Rumors of TSMC banning Huawei was all talk until the hammer dropped. A complete US ban of Chips/semiconductor supply chain to China was all talk until Cotton published his 80 page recommendations. The fact its being talked about and planned is enough to give China grave concern, and China should not leave things like this to chance or assume it wont happen "because reasons" thats how it got caught with its pants down in the semiconductor realm
You are comparing apples with oranges.
Talking about Cotton's essay is laughable. It was local-news-worthy for a couple days. Politicians have aides write that stuff to show how great a far-sighted statesman he is and therefore ready for national office. SMIC got approvals recently. Total ban is just all talk and so what if there is a total ban? Life goes on! The sky is not falling. If a U.S. Republican Senator talks about possibly nuking China, you think China should start building a million bomb shelters right away?
You make it sound like TSM unable to sign new commercial contracts with Huawei was all rumors and unexpected? Remember ZTE? That worked wonderfully for the U.S. so U.S. tried again.
Of course as a prudent policy maker, you take in all the data points and plot a course. Fools overreact and makes something out of nothing.
Basing missiles in a foreign country is completely different than tariffs, economic sanctions, and de-coupling. For all countries without alliance treaties, it is constitutionally illegal as it infringes upon sovereignty.
U.S. has bases in Japan and Korea already (Australia and Guam too far away). Adding a new missile does not add any more than what in-region platforms can deliver today.
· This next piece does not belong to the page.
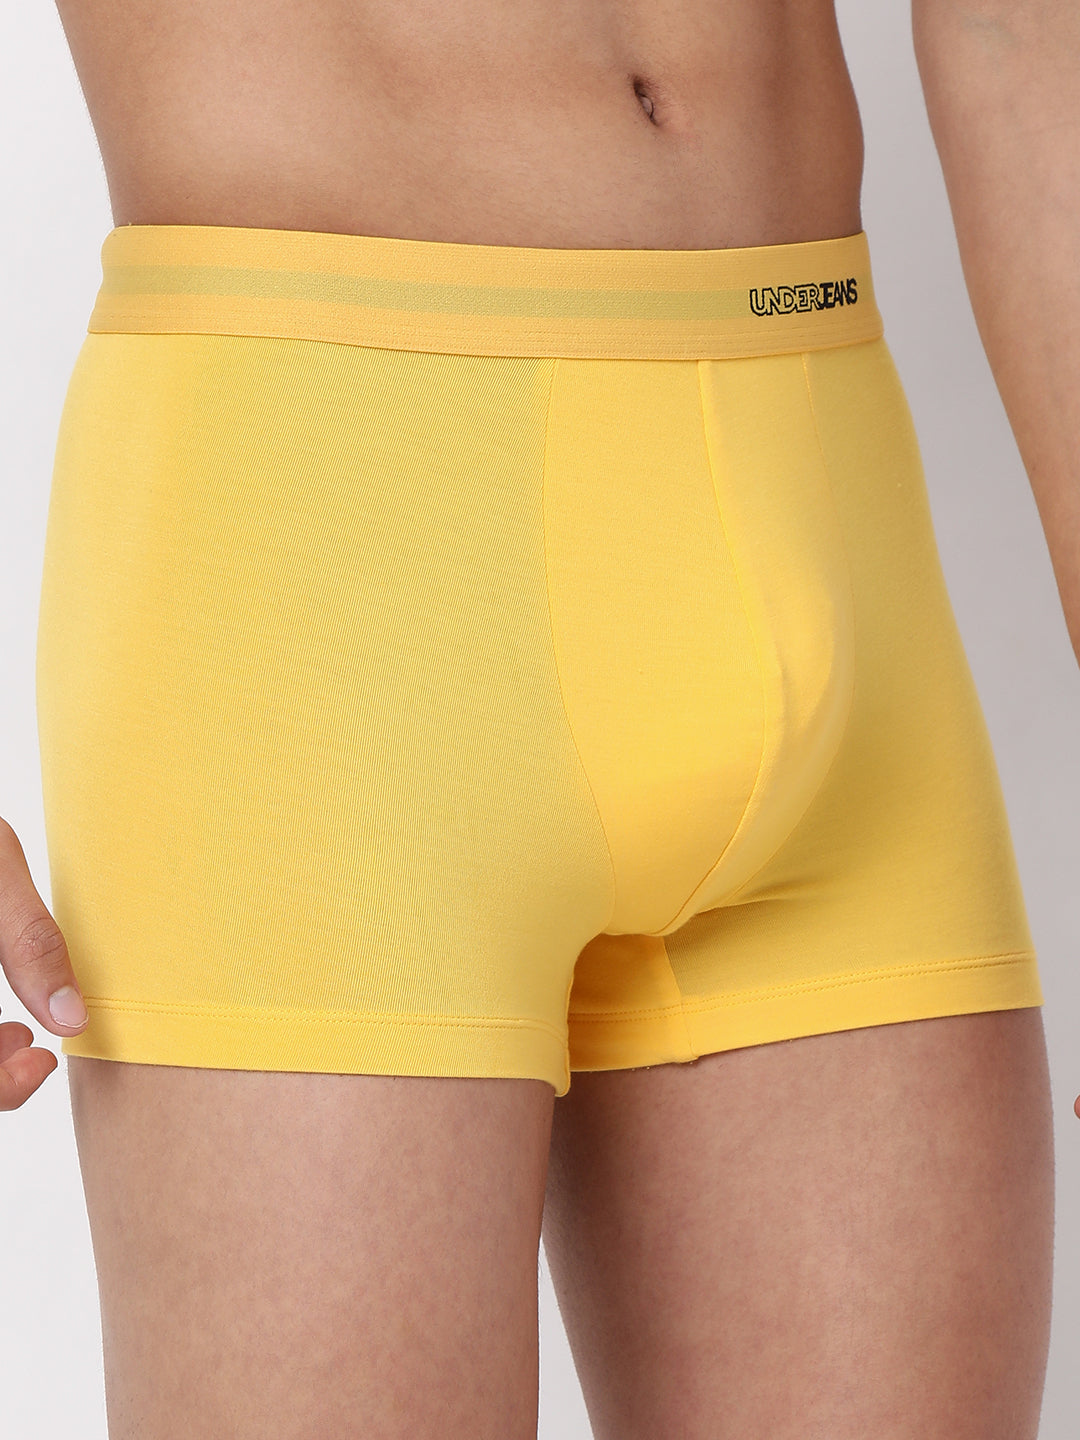 Men Premium Micromodal Yellow Trunk - UnderJeans by Spykar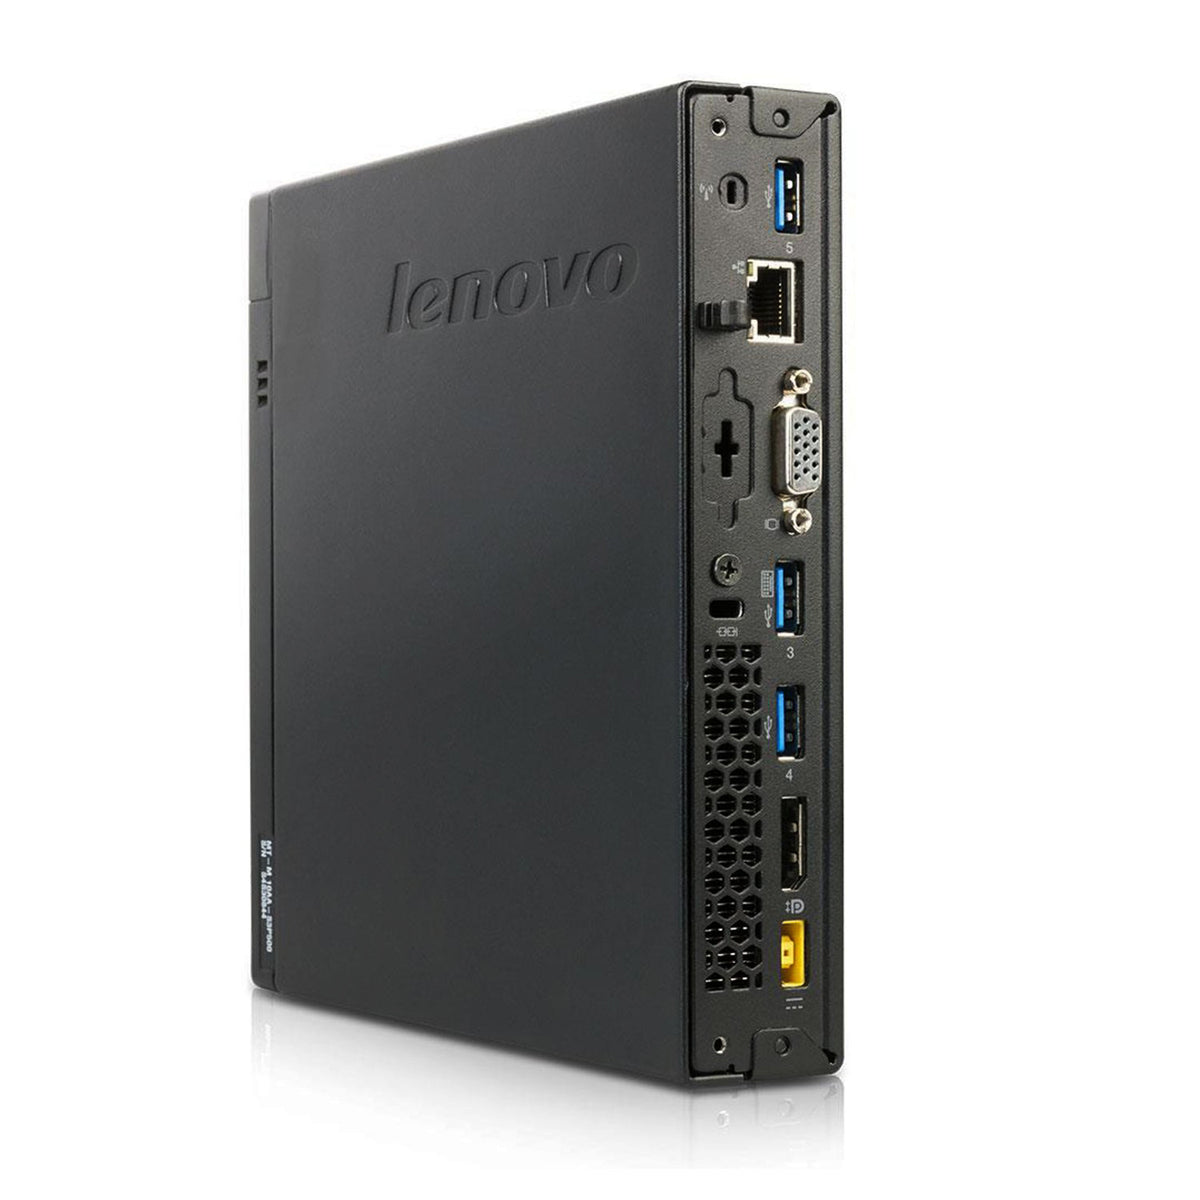 Lenovo ThinkCentre M93p Tiny Desktop, Quad Core i7 4785T 2.2

Coastal shore-to-ship missiles are a dime a dozen these days.
So the question is really a political one. These missiles are meant to be controlled by the U.S. alone and if U.S. does manage to convince a few countries, it is simply a message to all that I have more friends than you do. Which Asian countries are willing to publicly declare itself to be a mortal enemy of China. Even Vietnam just re-elected a pro-China leader. All these countries want to stay out of the fight. None has anything to gain and everything to lose.
Nikkei reports on a marketing pitch by a regional U.S. Command for more money from the Congress. Nothing more. Well, maybe except for people that take a populist local politician's Tarzan blurb seriously.
If China's rise can be stopped by a total semiconductor ban or by 10,000 missiles, then China does not deserve to succeed. Otherwise, solutions will be found in due time. Why didn't China worry about total sufficiency in semiconductors 10 years ago? Because there was no need and money can be much better invested in downstream industries. China is in a position to fend off the U.S. today precisely because it spent, earned, saved, and re-invested wisely for a rainy day like today. Wait until the threat is real. Most are just talk because talk is cheap and missiles/political will cost a whole lot.
This reminds of the recent U.K. suggestion of turning the G7 into D10. What happened? Nothing.